12基の電気モーターと4つのフィン・ラダーを装備したPathfinder 1は、垂直離着陸(VTOL)が可能で、最高時速75マイル(120km)に達することができる。この飛行船は、耐久性のあるラミネート加工されたTedlar製の外層に、リップストップナイロン製の13個のヘリウムバッグが収納されており、それぞれにガスレベルを監視するライダーシステムが装備されている。

また、この飛行船はハイブリッド推進システムを採用しており、150キロワットのディーゼル発電機2台と24個のバッテリーを組み合わせて電気モーターに電力を供給する。現在のモデルはヘリウムを使用しているが、LTA Researchは将来のバージョンで水素を使用することを想定しており、燃料電池やターボジェネレーターの燃料として、さらには追加の揚力ガスとして使用する可能性もある。

Pathfinder 1のテストと計画

報告によると、LTA Researchは耐空証明を取得しているが、具体的な詳細はまだ公表されていない。
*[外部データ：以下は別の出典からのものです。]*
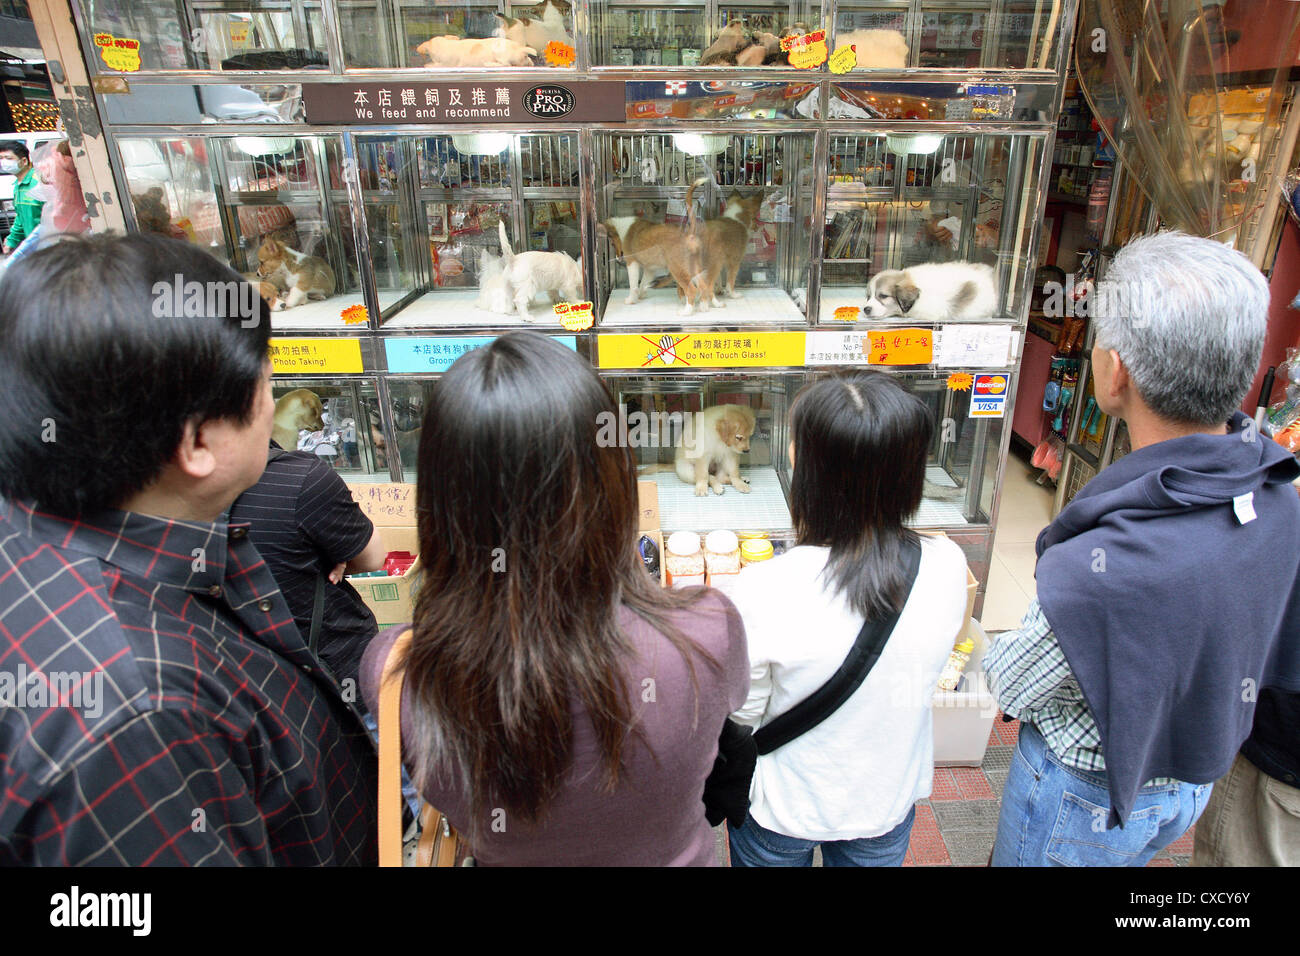 Hong Kong, Menschen aus einer Tierhandlung mit Hunden im Schaufenster  Stockfotografie - Alamy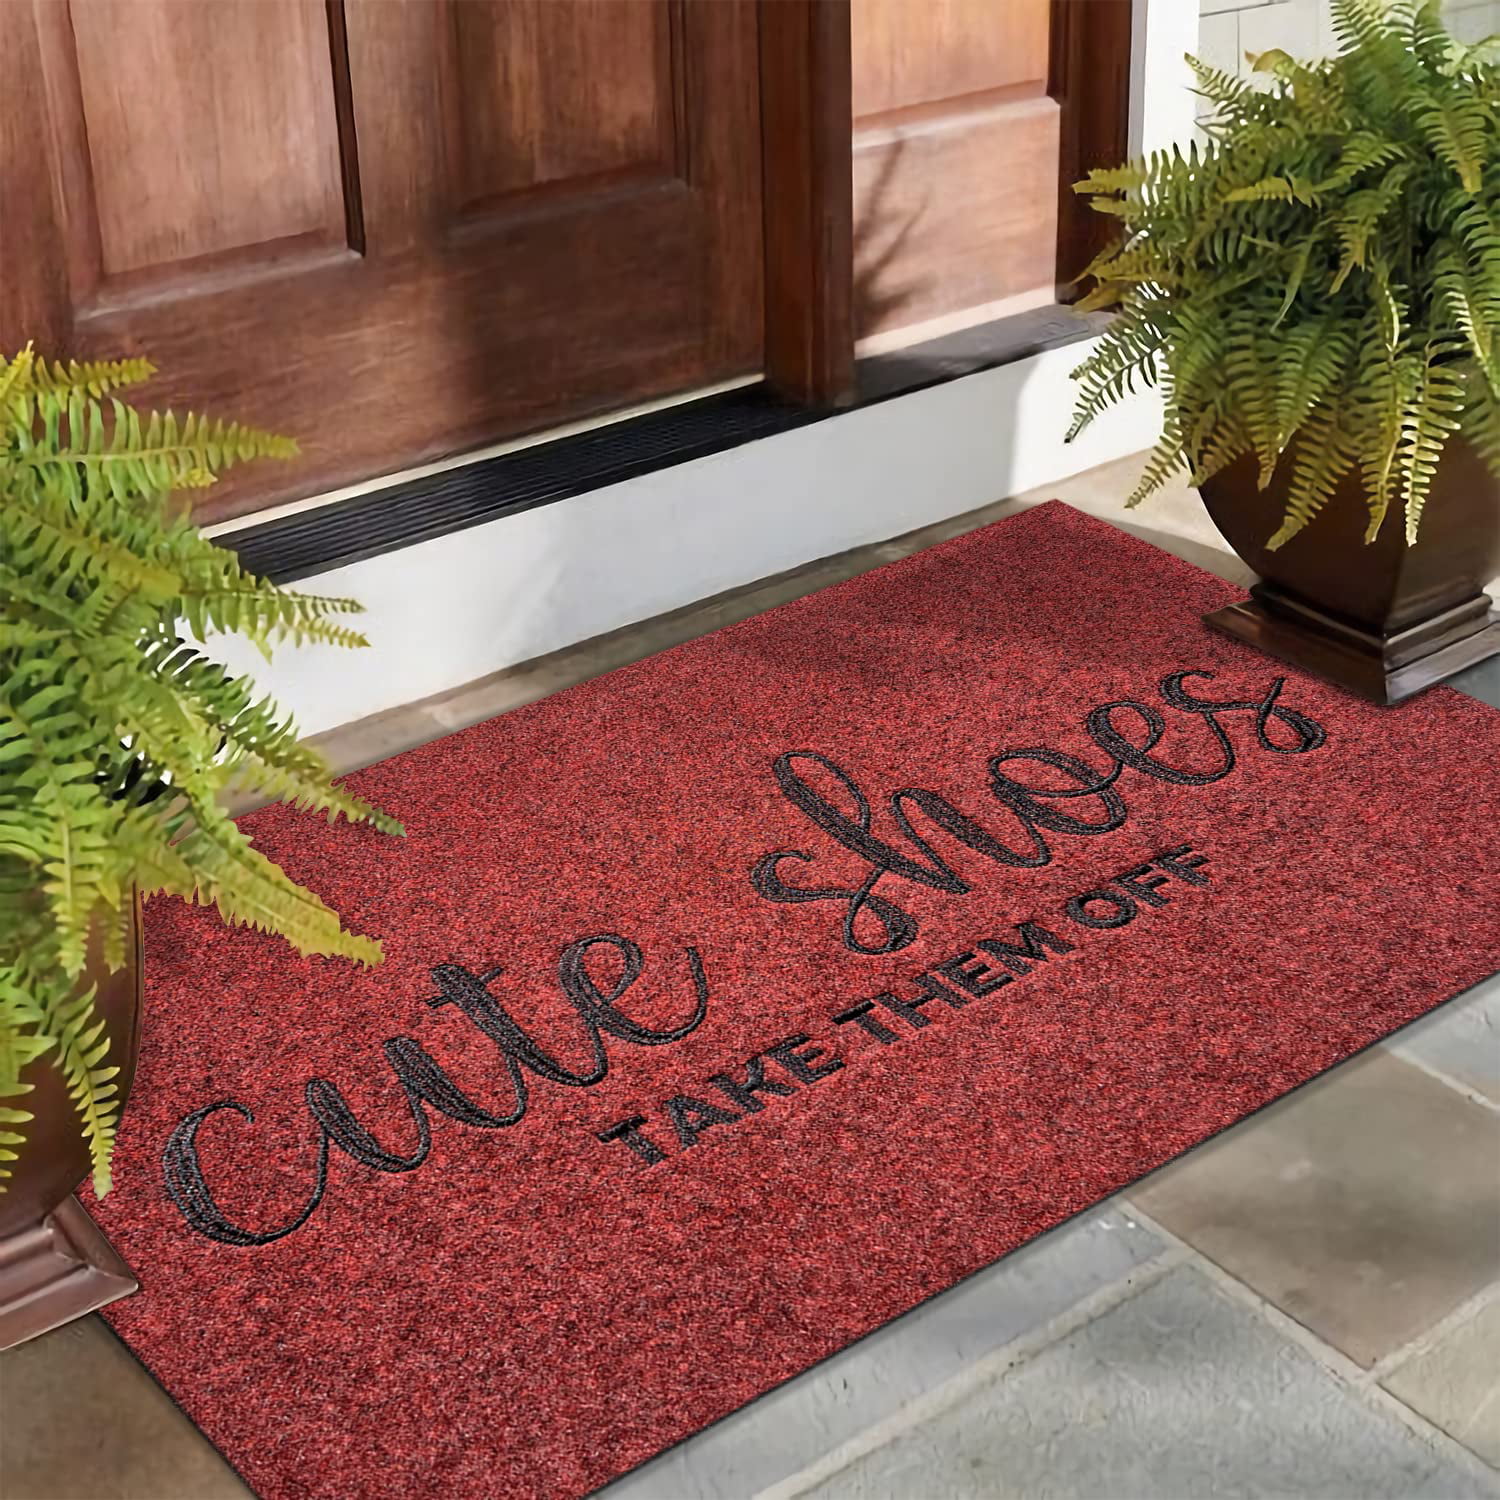 ANMINY Front Doormat Entrance Shoe Mat Waterproof PVC Non Slip Rug Outdoor  Indoor,31x47 Red

Pathfinder 1はシングルパイロット用に設計されており、初期飛行テストではデュアルコントロールと2人目のパイロットが搭乗する。ドイツのZeppelin社によって設計されたゴンドラには最大14人が搭乗可能だが、試験中は必要な人員のみが搭乗する。

Pathfinder 1号は、カリフォルニアで大規模な飛行試験を行った後、LTA Researchが将来の製造目的で取得したオハイオ州アクロンの旧グッドイヤー・エアドック飛行船格納庫に移行する予定である。全長590フィート(180メートル)の大型飛行船、Pathfinder 3はすでに開発中である。

人道的・貨物ミッション

LTA Researchは、飛行船が人道的ミッションで重要な役割を果たすことを想定しており、陸路ではアクセスできない地域に貨物や人員を届ける。Brin氏の非営利団体であるGlobal Support and Developmentは、このようなミッションを海上で実施してきた実績があり、Pathfinder飛行船によってその取り組みを空にも拡大する可能性がある。

Pathfinder 1の耐空証明書の有効期限は1年だが、LTAは180日以内にテストプログラムを完了させる予定だ。FAAによる許可は、この革新的な飛行船技術の開発における重要なマイルストーンであり、Pathfinder 1号が初飛行試験を行う様子を世界中が見守ることになる。

Sergey Brin氏の飛行船Pathfinder 1がFAAからテスト飛行の許可を得たことで、飛行船技術の未来は有望視されている。そのユニークなデザインと能力により、この飛行船はインフラが限られた地域での貨物輸送や人道的任務に革命をもたらす可能性がある。耐空証明書の発行は、屋外での飛行テストを可能にし、Brin氏のビジョンを現実に近づける重要な前進である。